Wednesday, February 27, 2013

jack kerouac & william burroughs, "and the hippos were boiled in their tanks" book review

i finally had a chance to read "and the hippos were boiled in their tanks" this weekend (thanks to a library copy). while the novel was published in 2008, the jack kerouac and william burroughs collaboration on the fictionalized version the murder of david kammerer by lucien carr was written more than 60 years ago - in 1945! the murder itself took place in august, 1944, and both the victim and murder were personal friends of authors.  the back story behind the long delay in publication is described in the afterward written by james grauerholz, burroughs' literary executor.  in brief, because of the authors friendship with lucien carr, they decided not to publish "hippos" during his lifetime. following carr's death in 2005, the novel would finally be published.

despite the self-imposed publication embargo, kerouac and burroughs did seek publishers for the novel in 1945.  notably, simon & schuster took a pass on the work by two, as yet, unknown authors.  kerouac's first novel wouldn't be published until 1949 and burrough's wouldn't see his first works published until the early 1950s,  more significantly, even though "hippos" wasn't published during the lifetime of the principle players, the story itself was often retold.  kerouac included yet another fictionalized version of the murder in his last novel, "vanity of dulouz," published in 1969.  the murder story was recently made into a movie, "kill your darlings," and premiered at the sundance film festival last month.

the outline of the kammerer murder is well known to fans of the beat generation.  carr stabbed kammerer with his boy scout knife in morningside park, tied up his arm and legs with shoelaces, and then dumped - the apparently barely alive body of - david kammerer in the hudson river.  the murder is often credited (blamed?) as the catalyst that fueled the birth of the beats as writers.  while that may overstate the influence (kerouac had already written thousands of words by this point), it resulted in this particular novel (burroughs' first) and a separate, but ultimately abandoned effort at a novel, by allen ginsberg.
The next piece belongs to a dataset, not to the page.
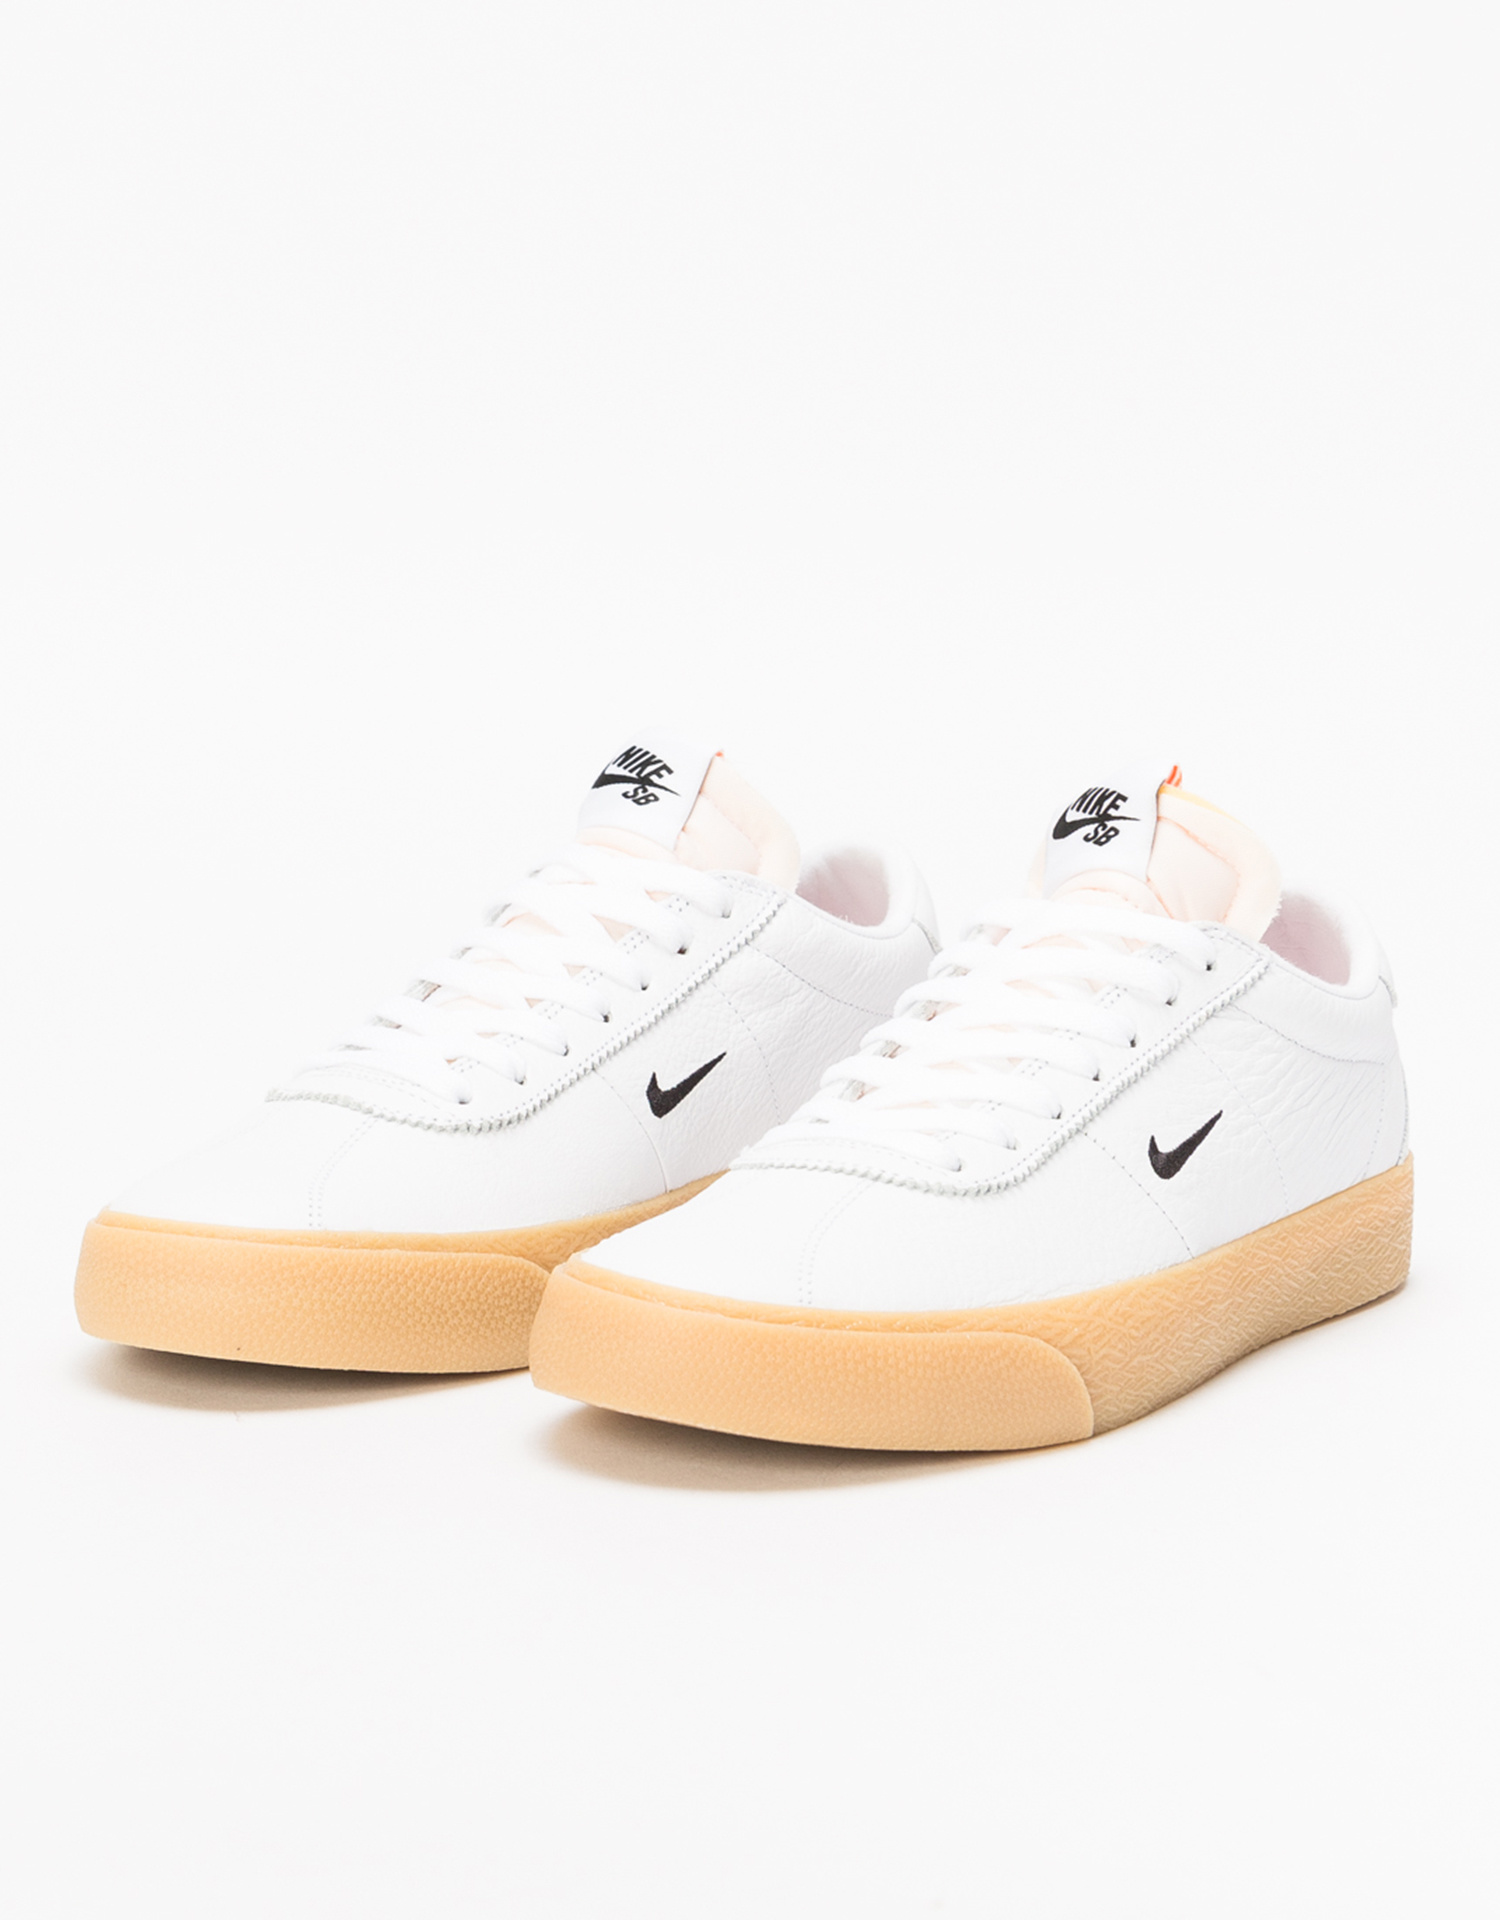 best website 26fc6 73093 Nike SB Zoom Bruin Iso Orange Label White Black-Safety Orange - Lockwood  Skateshop

in "hippos" kerouac and burroughs write alternate chapters (for the most part) through their alter egos, mike ryko and william dennison, respectively.  they move the primary action from morningside heights down to the village - including the murder itself which now takes place in an abandoned factory instead of the park.  carr employs a hatchet instead of a boy scout knife to inflict the fatal wounds.  and, instead of the hudson river, he tosses kammerer's body off the factory roof and into the overgrown lot adjacent to the building,  the story is told in a straightforward, linear detail; with each author filling in his view of the facts to move the narrative forward.

the days that lead up to the murder are fascinating.  the characters spend seeminly endless hours in bars or apartments drinking, smoking and eating - or walking and commuting between these scenes.  they detail the ongoing efforts of carr and kerouac, as merchant marines, to find employment on a ship that's bound for france (along w/their erstwhile plans to jump ship there and hitch their way to paris). burroughs himself has a day job at a detective agency where he's tasked with serving summons (or spying on couples engaged in adultery).  while the writing may not reach literary heights, it is functional and paints an excellent portrait of world war II era new york city.
the sad part of this remarkably sad story is how, if painted fairly by kerouac and burroughs, shallow and callous a person lucien carr really is at heart.  at best, the entire book evokes an existential sensibility that permeates each character.  not just the remorseless carr/murderer himself, but burroughs and kerouac themselves are utterly indifferent when confronted by the facts of kammerer's death.  this isn't the death of a stranger, but of someone they know well and that they've interacted with repeatedly and intimately (just over the days preceding the murder, in fact).  the sheer detachedness and indifference by all involved, given the circumstance, is chilling.

last, but also worth mentioning, is the dramatically different outcomes that result when wealth and influence are involved.  not only is carr treated with kid gloves because his uncle can afford high priced lawyers, but burroughs, who was held as a material witness, managed to walk free after he posted bail.  kerouac, instead, with no money (and a father unwilling to post his bail) or connections not only languished in jail as a material witness, but ultimately decided to marry edie parker (they let him leave jail to get married at city hall, then brought him right back until the bail was posted) so that her parents would provide the bail money to free him! 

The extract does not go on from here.